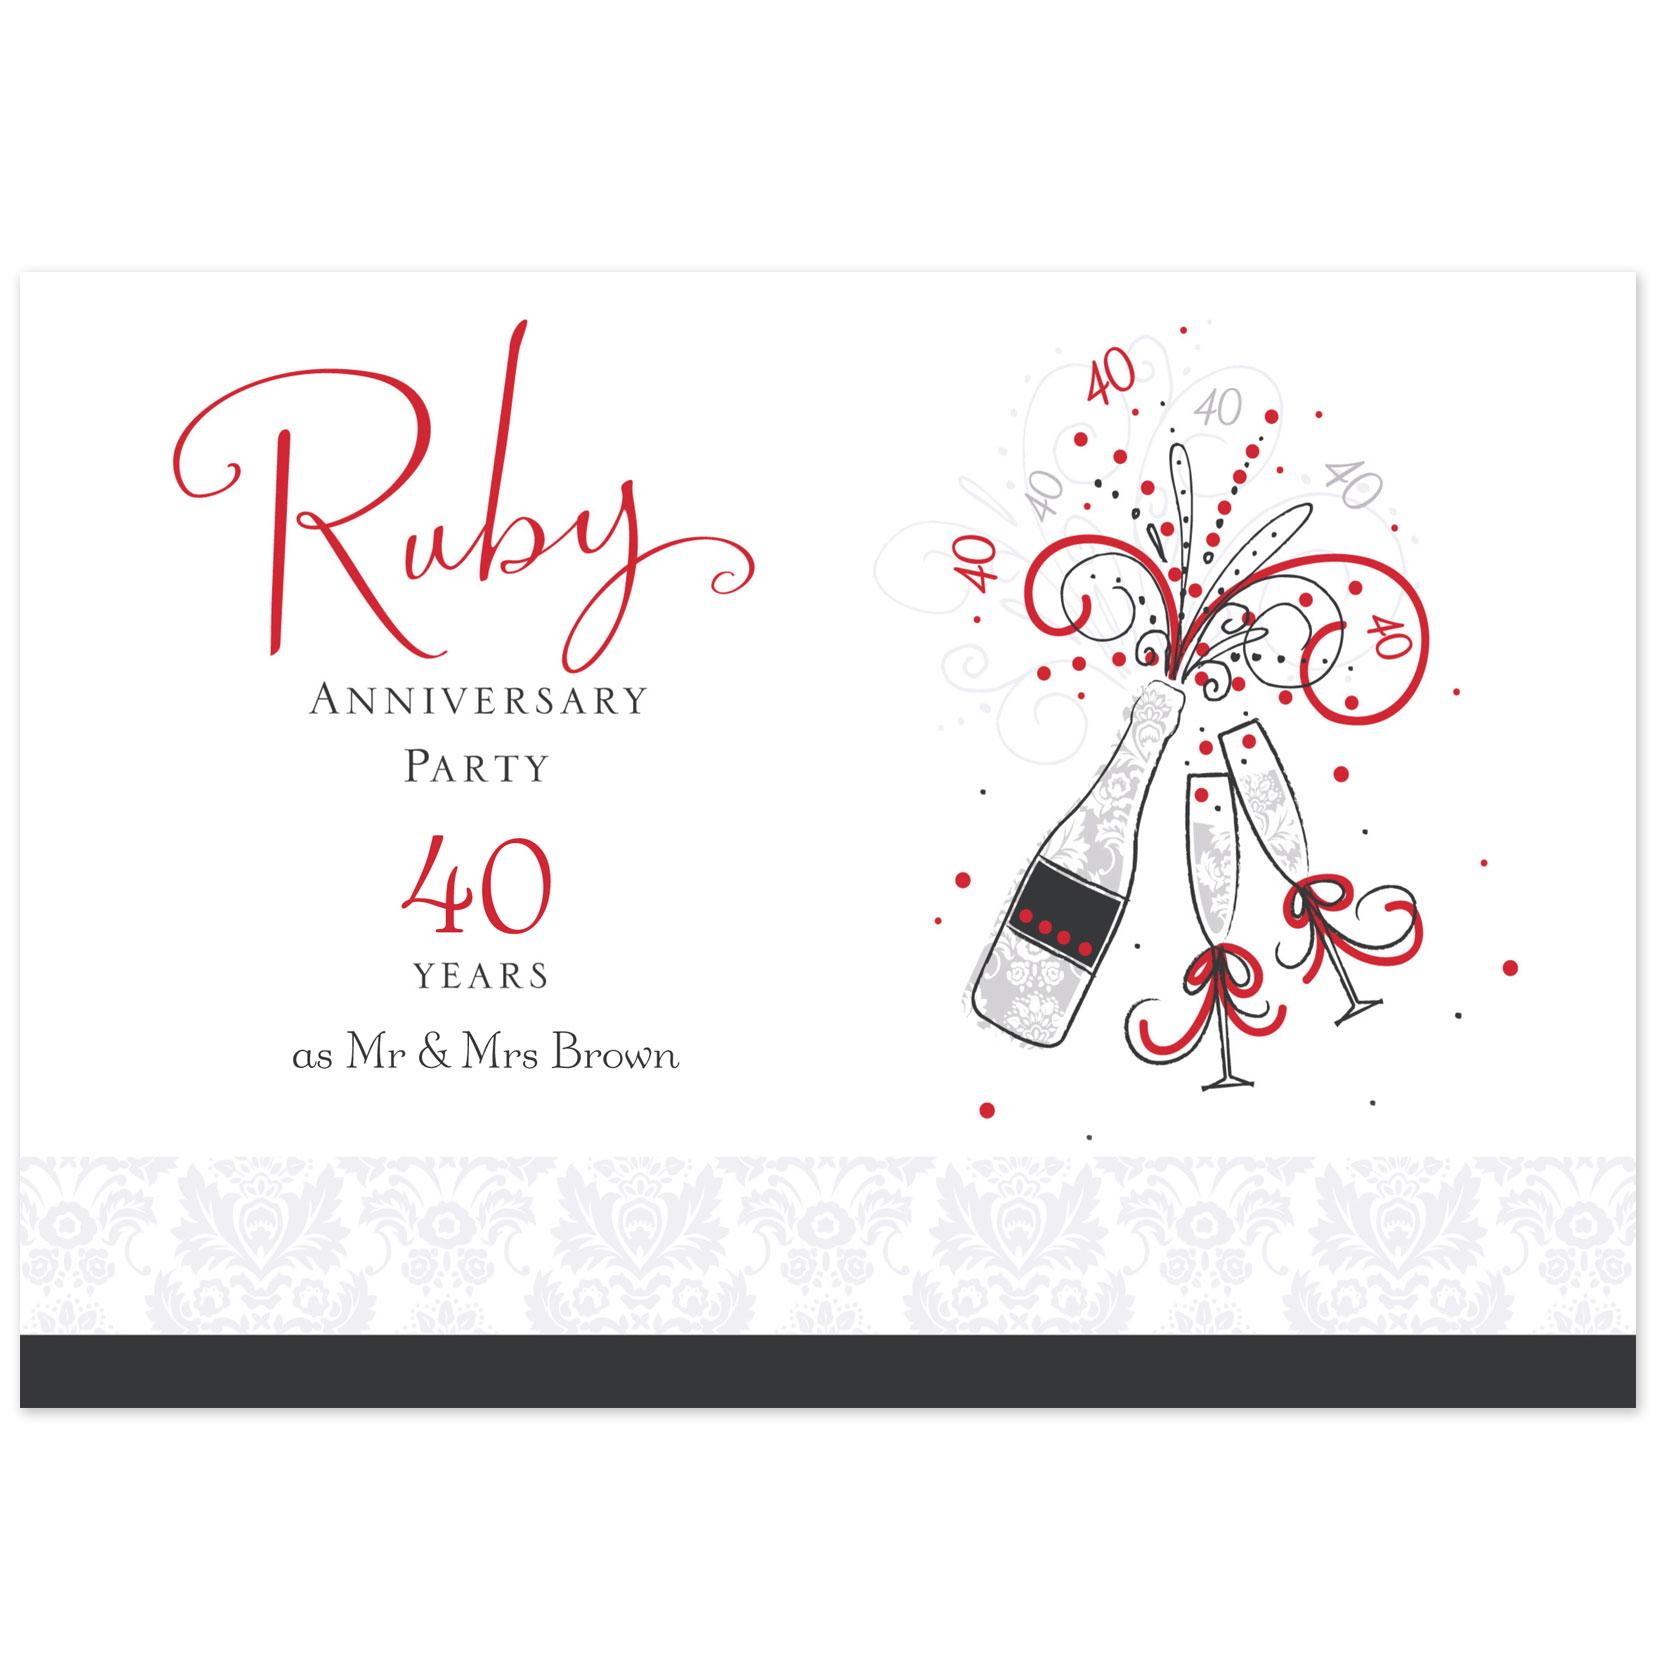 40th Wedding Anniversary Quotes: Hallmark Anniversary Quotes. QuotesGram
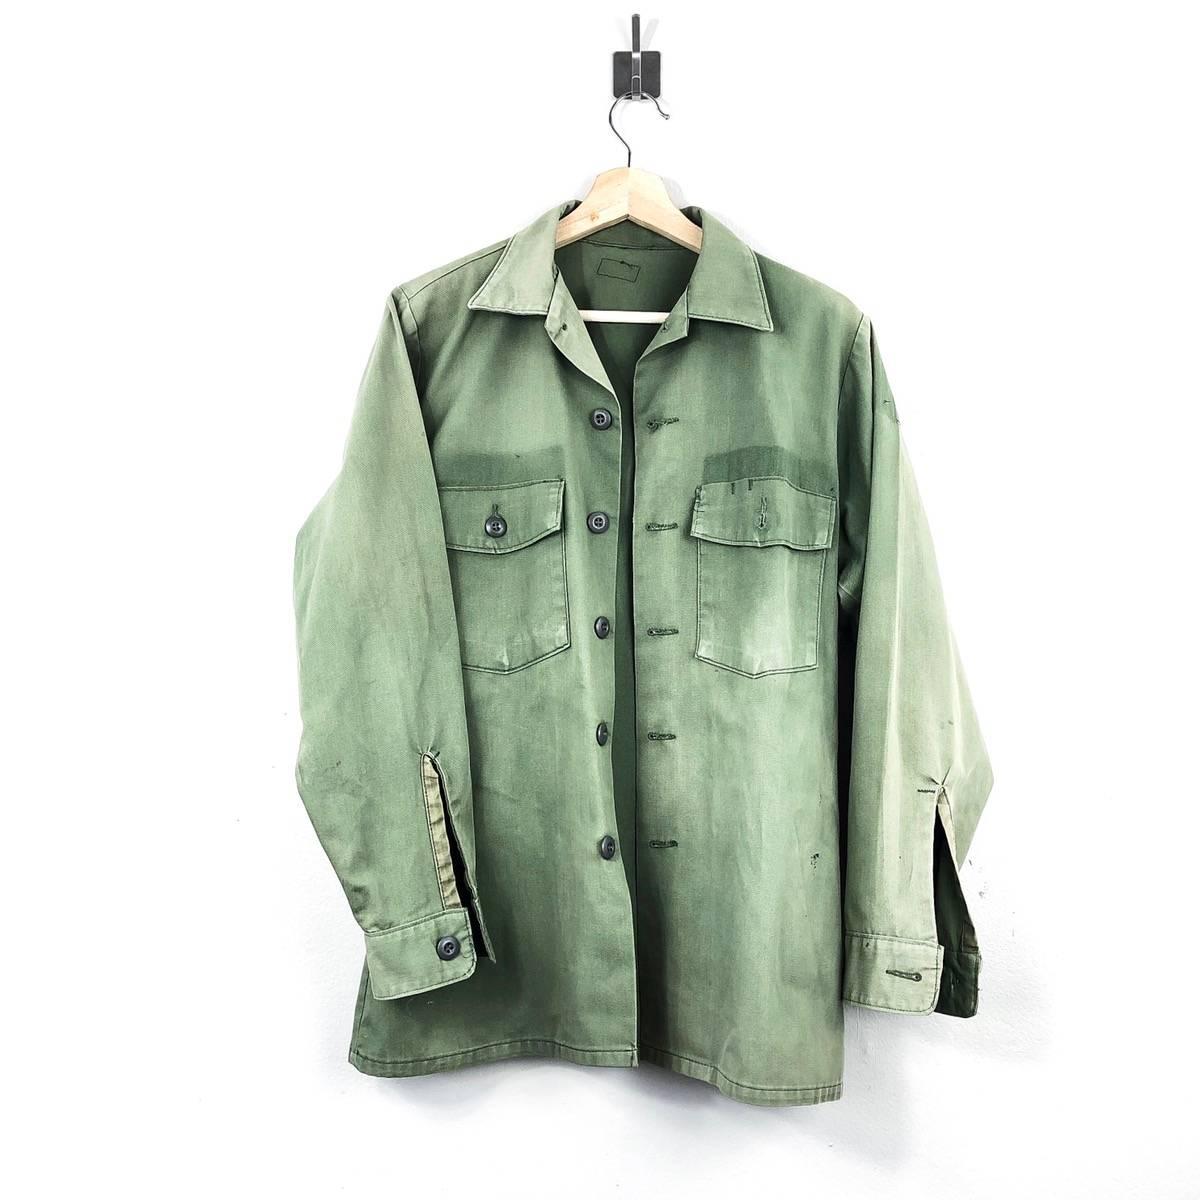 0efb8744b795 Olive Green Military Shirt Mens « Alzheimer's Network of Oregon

...

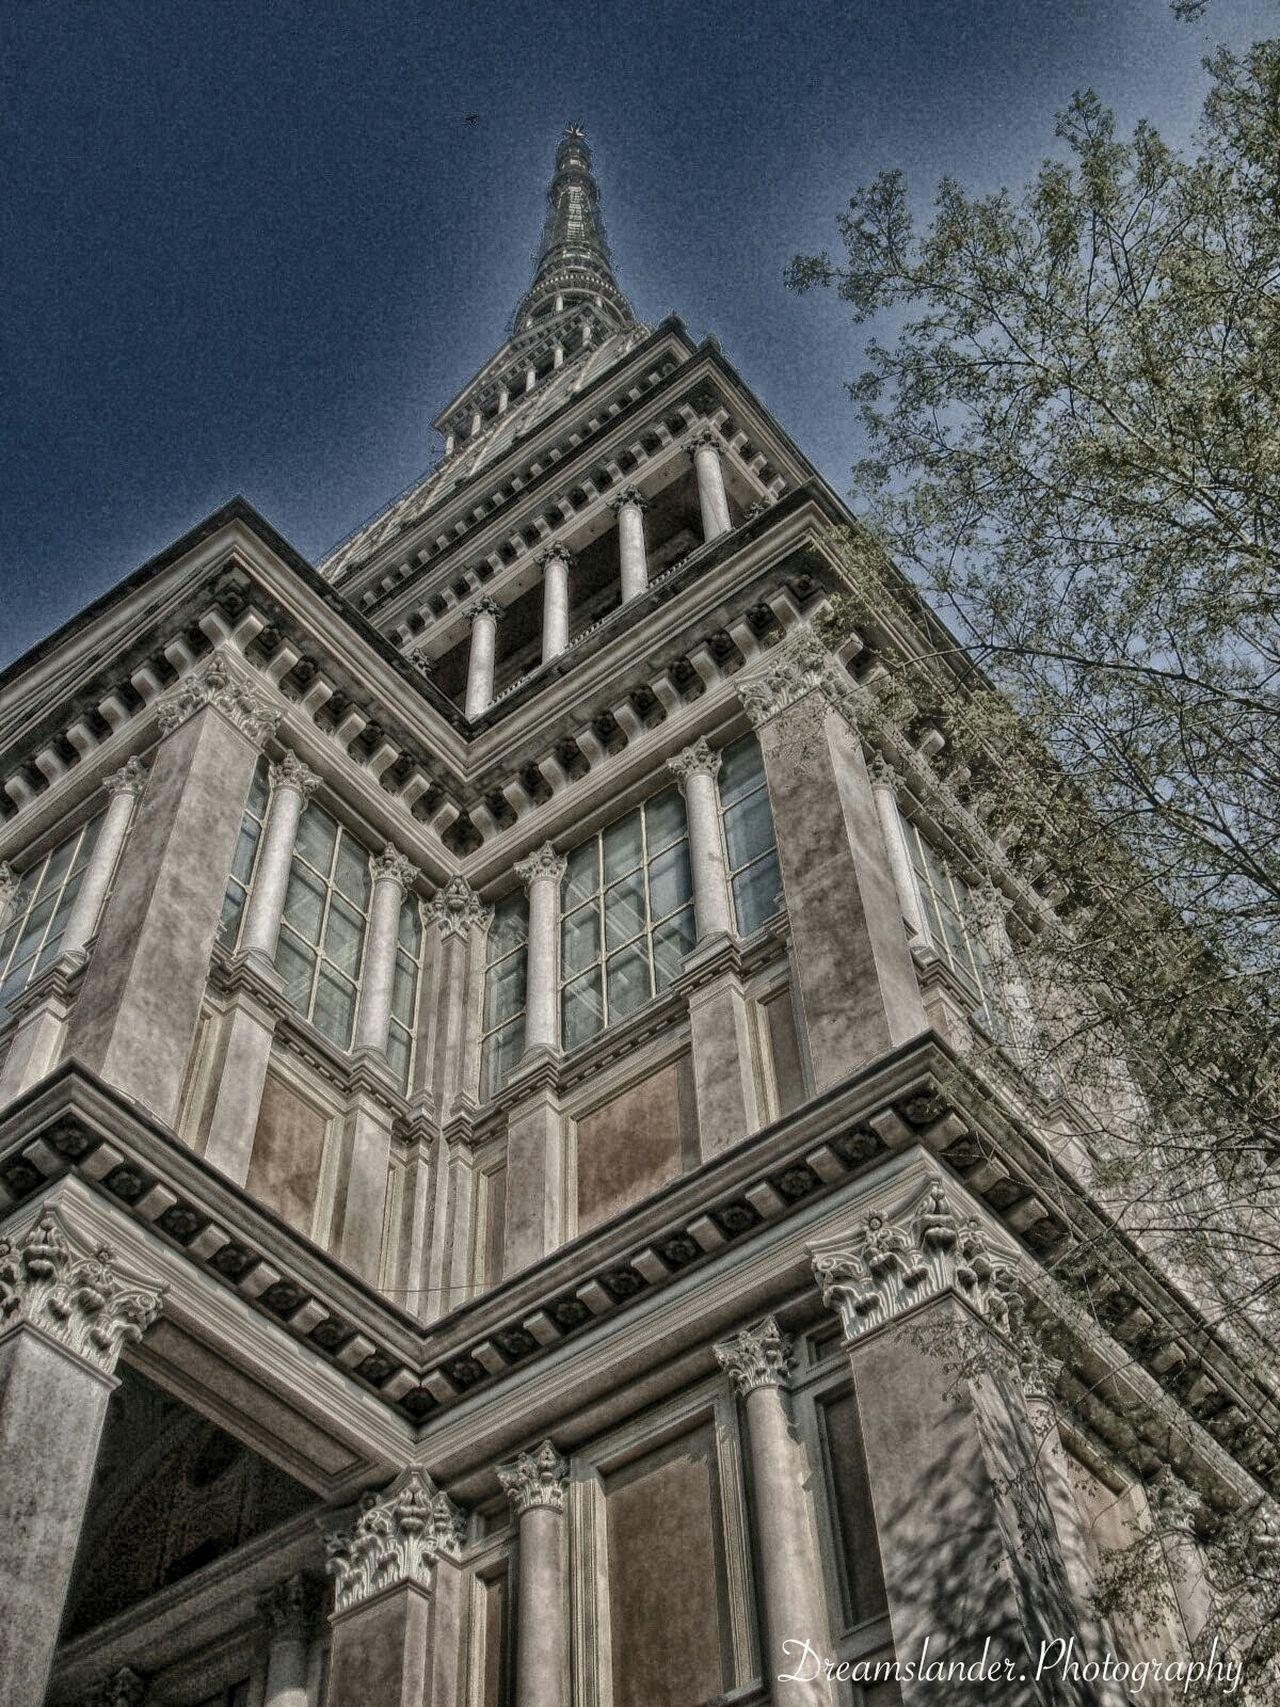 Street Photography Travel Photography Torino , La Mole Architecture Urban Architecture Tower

**ASSIGNMENT:** What you return must match, character for character, the lines above from the one with "40th Wedding Anniversary" through the one with "0efb8744b795 Olive Green", minus any pictures.

**RESULT OF THE TASK:**
 40th Wedding Anniversary Quotes: Hallmark Anniversary Quotes. QuotesGram
 0efb8744b795 Olive Green Military Shirt Mens « Alzheimer's Network of Oregon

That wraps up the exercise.